City Hall and Civic Center Plaza, circa 1915, courtesy, California Historical Society, CHS2015.2010

Reflecting on the Amazing Year 1915

By James W. Haas

San Francisco is celebrating the centennial of the 1915 Panama Pacific International Exposition (PPIE) but there are other dimensions to the amazing year of 1915 which are worth considering. In particular, the Exposition had a profound effect on the politics, built environment and architectural style of San Francisco.

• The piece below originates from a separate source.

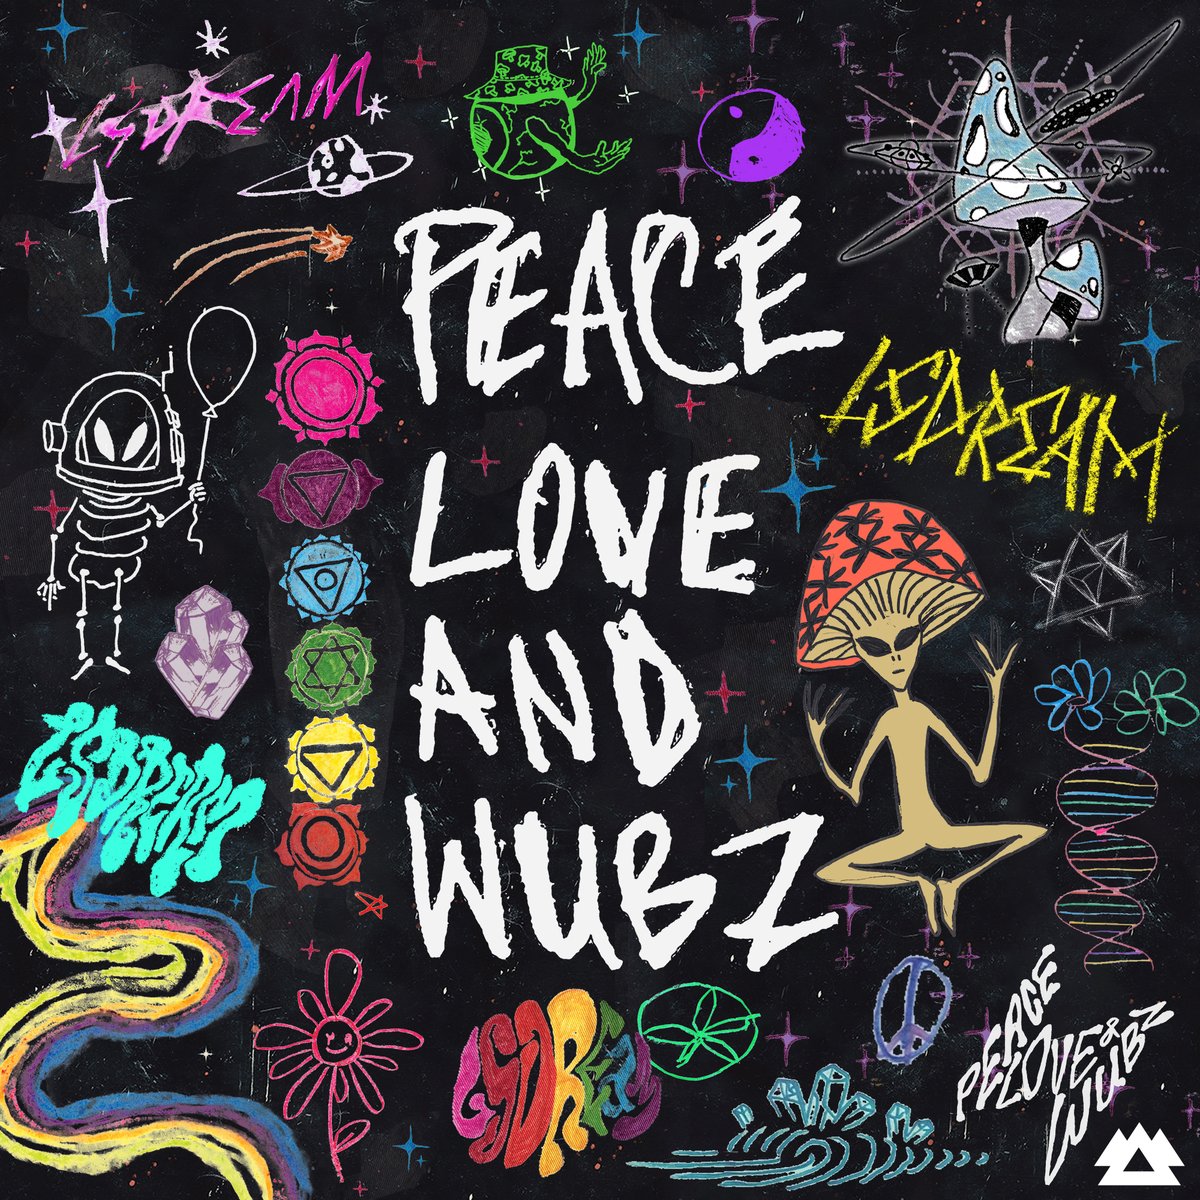 LSDREAM & CoJaxx Spread “PEACE LOVE & WUBZ” on WAKAAN

When San Francisco received word from Congress that it could hold an Exposition in 1915, the Mayor was P.H. McCarthy, leader of the Union Labor Party who had a reputation of being highly partisan, soft on vice and incompetent in completing public works projects. Thus, the businessmen who ran the PPIE resolved to elect a new Mayor to get the City prepared and recruited their Vice President James Rolph to be their candidate. A Mission District resident and successful businessman, Rolph was the consummate politician and overwhelmed McCarthy in the Mayoral primary in September. His Republican business friendly policies and warm personality convinced the voters to reelect him four more times. He was succeeded in 1931 by his chief ally on the Supervisors, Angelo Rossi, another business orientated Republican with an outgoing personality. In fact, it would not be until 1964 that a Democrat was again elected Mayor.

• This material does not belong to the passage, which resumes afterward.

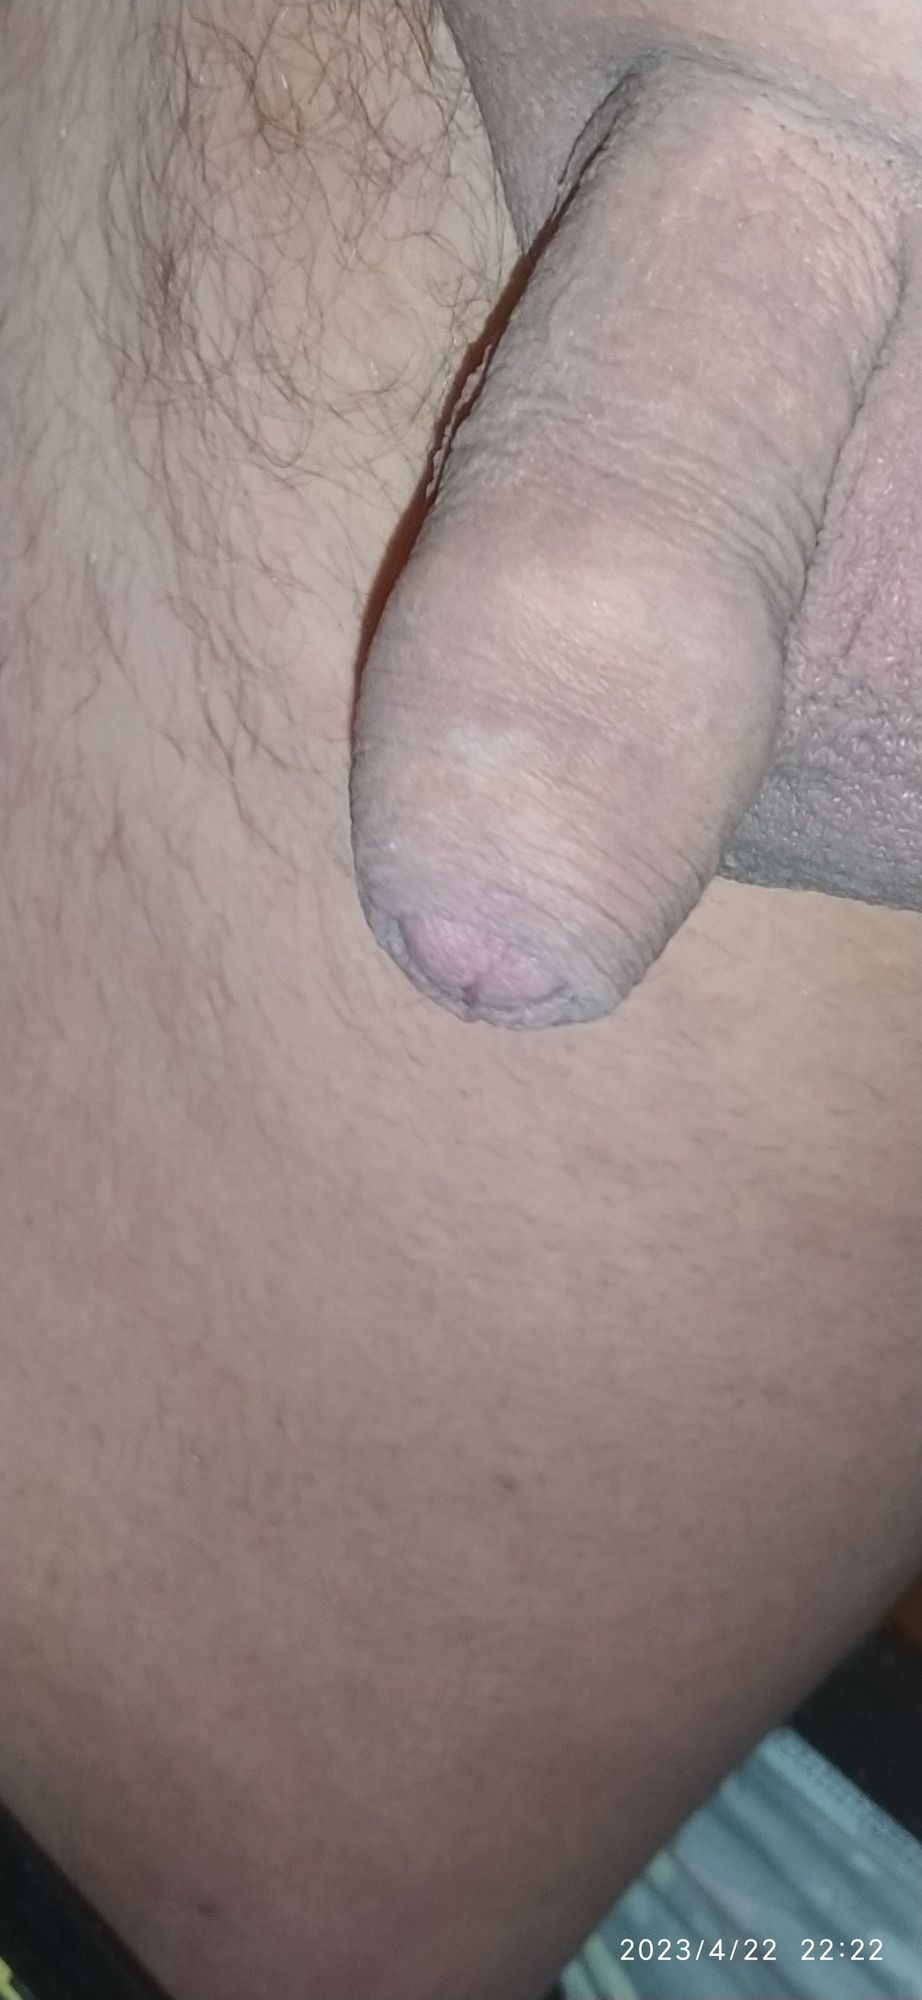 my penis

Rolph’s first priority as Mayor was to create a Civic Center with a new City Hall since it would be “unthinkable” for the City to invite millions of visitors to the Exposition without City government housed in proper grand public buildings. In the months before his inauguration, Rolph used the Architects Committee of the PPIE to resolve the outstanding issues over establishing a Civic Center so in his inaugural address he declared its location. He then recruited prominent architect John Galen Howard to prepare specifications for the Civic Center and City Hall and scheduled a special election for $8.8m bond issue to pay for it on March 28, 1912 which the voters endorsed by a phenomenal 92%. This set off a push to build five buildings before the Exposition opened in February 1915. Only one, the Exposition Auditorium, was actually complete but within some years City Hall, the Public Library and the State Building were finished and by the end of the 1930s the War Memorial and two more buildings would be added to Civic Center.

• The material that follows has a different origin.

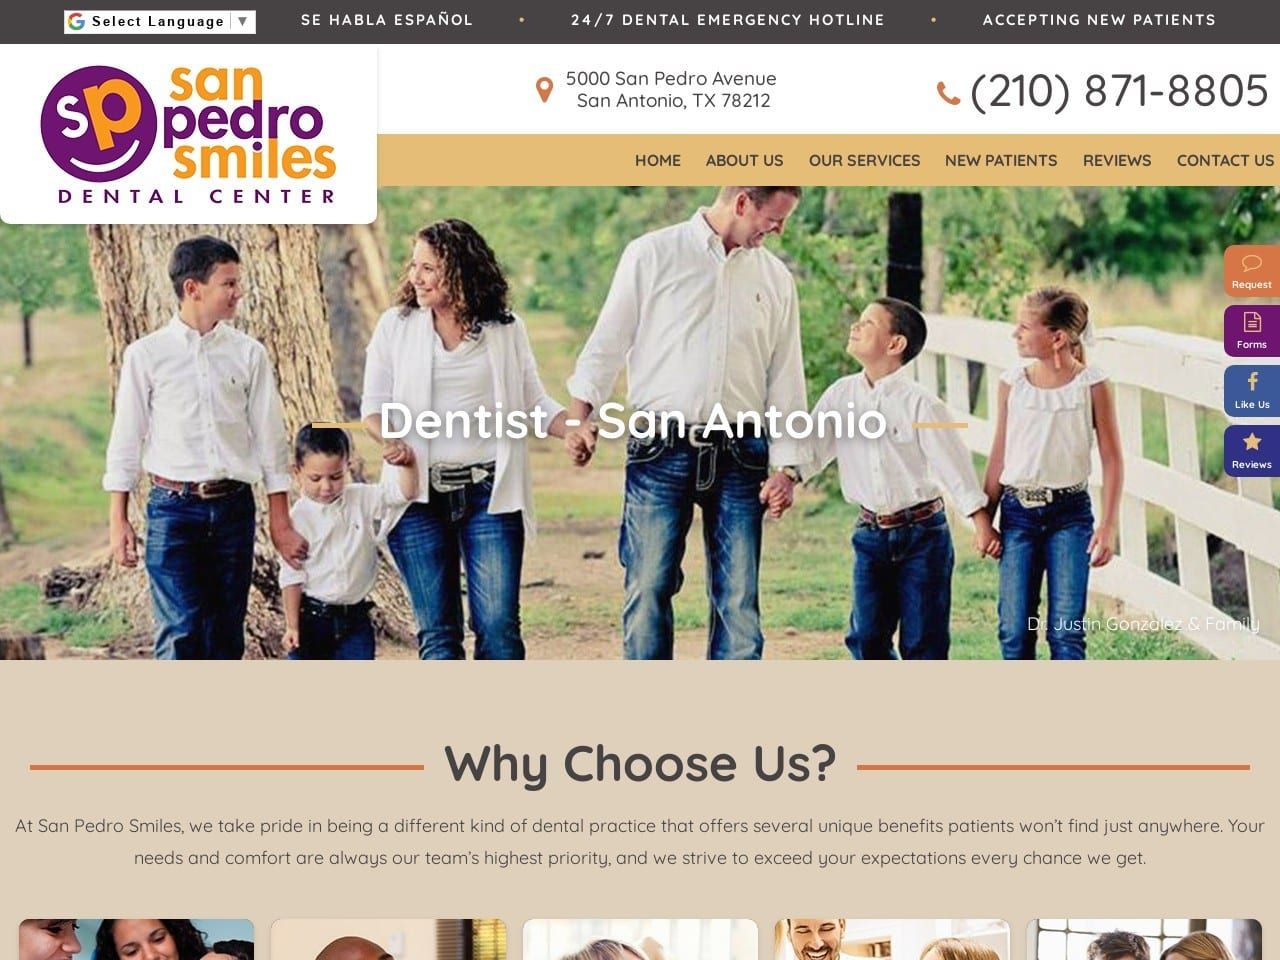 San Pedro Smiles Dental Center Website Screenshot from sanpedrosmiles.com

Rolph’s second priority was to improve the City’s streets and transportation system. The PPIE demanded that the City arrange for adequate transport to serve the Exposition which was being built in an isolated swamp in the Marina. Rolph proposed to greatly expand the incipient Municipal Railway and asked the voters to approved a $3.5m bond issue on the August 26, 1913 ballot. The existing private street car company along with its business allies vociferously opposed the bonds but Rolph’s rapport with the voters gave him a victory of 79%. The City immediately started construction of the new lines which were in operation for the opening of the Exposition.

To design the grand buildings at the Exposition and at Civic Center, City Beautiful architects were engaged, many of whom were local and trained in Paris at the Ecole des Beaux Arts. These men set the standard for further work on public and private buildings in the City for decades. Thus, in the 1920s when the War Memorial was being conceived, it was natural to chose Arthur Brown Jr., the architect of City Hall, to design twin French Baroque buildings harmonious with City Hall. When the Art Deco style became fashionable, these men trained to work in most any style, easily adapted. San Francisco did not received its first modernist building until 1959 with the construction of the Crown Zellerbach Building.

We should thus be celebrating the centennial of the amazing year of 1915 which gave us not only the wonderful memories of the Panama Pacific International Exposition but also the most magnificent and complete Civic Center in the nation, the country’s first publicly owned municipal transportation system, problem solving public leadership and grand public architecture. These are topics worthy of reflection since they are still relevant today.

James W. Haas is a member of the City Hall Preservation Advisory Committee and is writing the definitive history of Civic Center.